Facts About Melasma
Melasma is a form of hyperpigmentation that typically displays on the face and is primarily associated with pregnancy and sun exposure. Early records documented melasma only in pregnant women, which is why it is also labelled as a “mask of pregnancy”. The main contributing factor for melasma during pregnancy is an increased level of the female sex hormone estrogen and placental hormones. Women on “the pill” (birth control contraception) often develop melasma, which reinforces the belief that estrogen is to blame. However, melasma also affects women who have no history of pregnancy or taking the pill; it affects men [1] and the transgender population [3].
The sun, often blamed and therefore shunned, is the other main factor believed to cause melasma. This is not an entirely wrong assumption since the sun is known to form the most common type of hyperpigmentation, the tan. But how is it possible that more and more people develop melasma while humans spend more time indoors than we have over the last hundred years? The clients I have consulted have rigorously used sunscreen daily out of fear of forming more pigmentation. The use of sunscreen had neither prevented brown patches nor led to fading. This raises the question: What factors other than oral contraceptives, pregnancy or sun exposure drive this skin condition?
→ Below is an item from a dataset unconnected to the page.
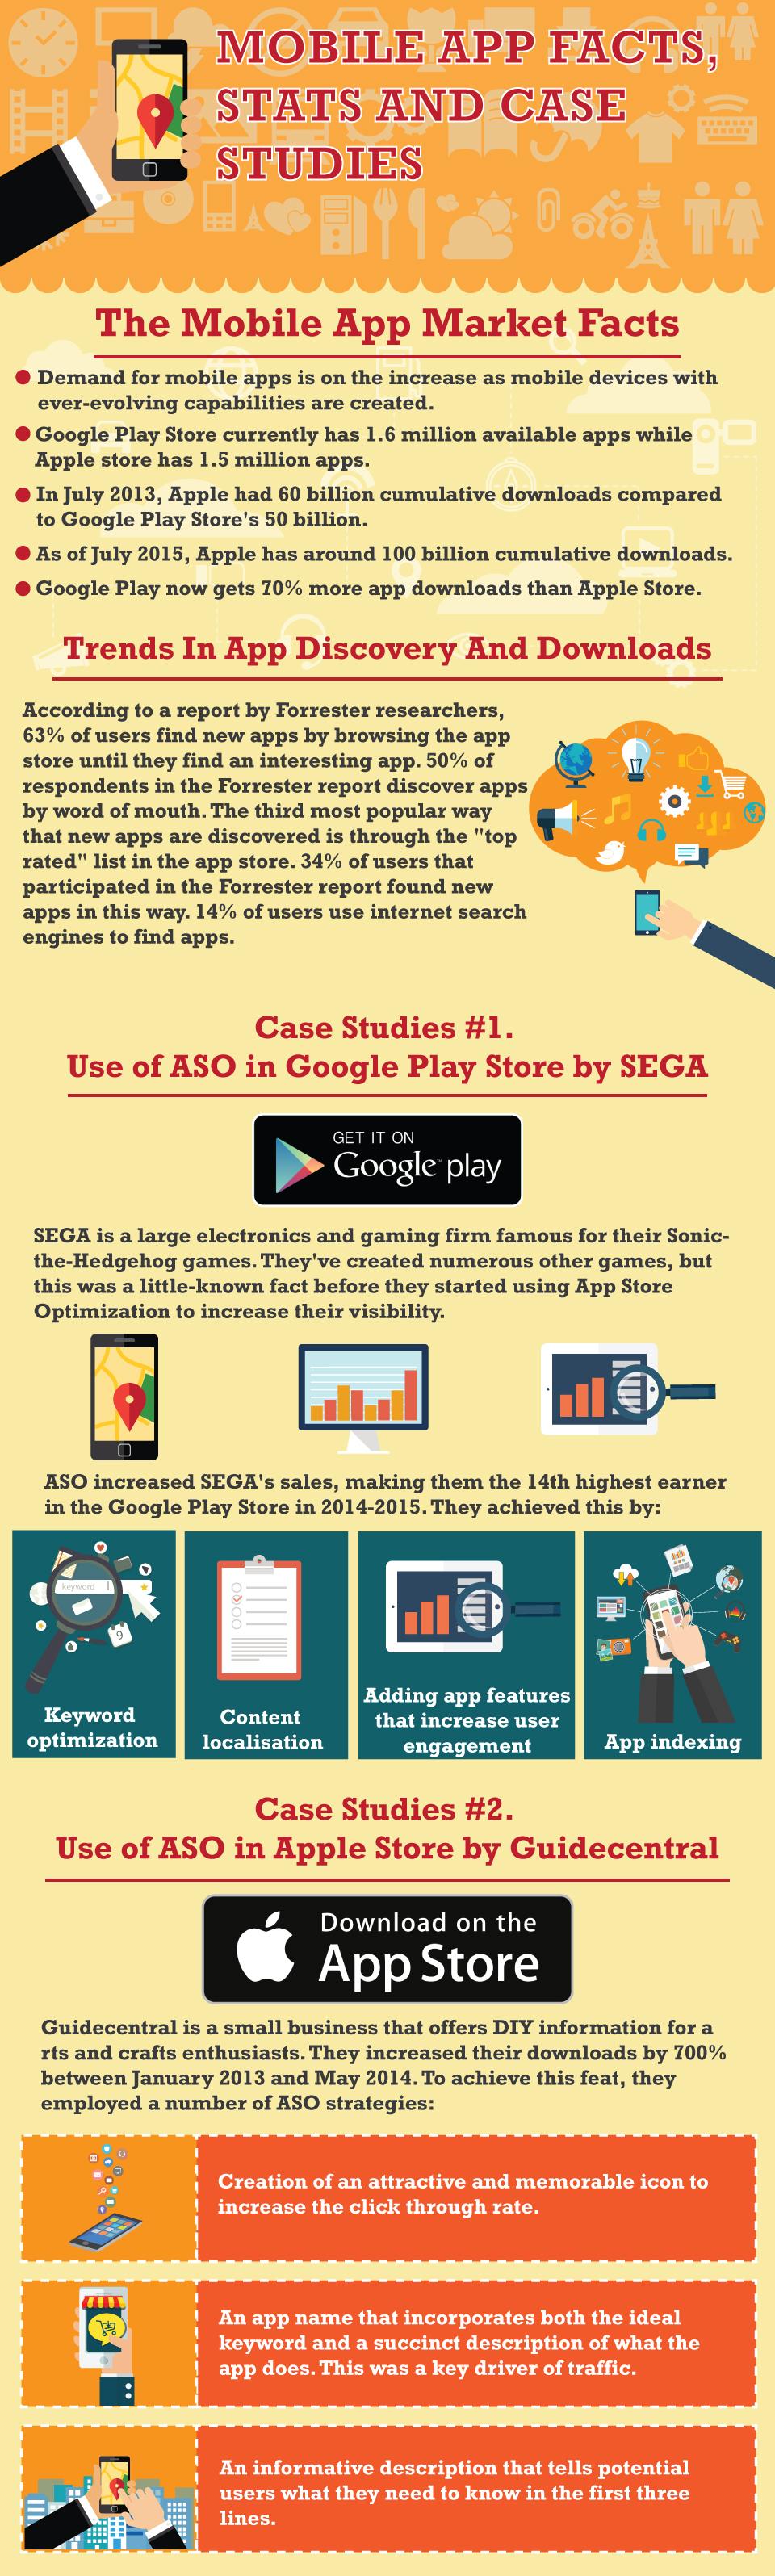 Mobile-App-Facts-Case-Studies

Elevated estrogen levels can indeed cause hyperpigmentation, but estrogen can rise by several external factors. Some of these factors are chemicals that hide in cosmetic products. Ironically, despite the belief that sunscreen is essential for people with melasma, some UV filters act as hormone disruptors resulting in increased estrogen levels. Oxybenzone, for example, is a widely used chemical UV filter and is known to mimic estrogen.
Additionally, many sunscreens do not have equivalent UVA and UVB filters in their formula. The main concern of sunscreen developers and formulators is to prevent sunburn. Sunburn is caused by UVB light. Because the main goal is to prevent sunburn, manufacturers often focus on UVB protection. Hence the SPF claim (15, 20, 30, 50+) on the bottles often only stands for the UVB filter, not the UVA filter [4]. A broad-spectrum sunscreen will have filters for both types of UV, but the UVA filter might be lower. That means the two types of rays are split into different degrees of protection and penetration, which can aggravate pigmentation.
The pattern of melasma is significant, as it appears symmetrically and favours the cheeks, forehead, nose and upper lip area. People with naturally darker skin types are more prone to develop melasma. Regarding the skin cells, it is typical that the melanocytes are bigger and contain more melanin than usual, while their actual number is not increased. Furthermore, the hyperpigmented areas in melasma are not only found in the epidermal layer, where brown pigment should be but also underneath, the dermal layer (dermis). The fact that lesions are found in the dermis is likely a reason why melasma is harder to treat. Tattoos, for example, are purposely placed in the dermis to make them last forever.
Wood’s lamps are widely used in skin therapy studios as skin diagnosis tools. When examining the skin, this lamp is a helpful tool to find out if pigmentation is present in the dermis. If the melasma lesions, or part of them, are not visible under the wood’s lamp, we have dermal pigmentation. The reason is simply that the light emitted by the wood’s lamp cannot reach into the deeper dermal layers. You only see what is in the epidermis.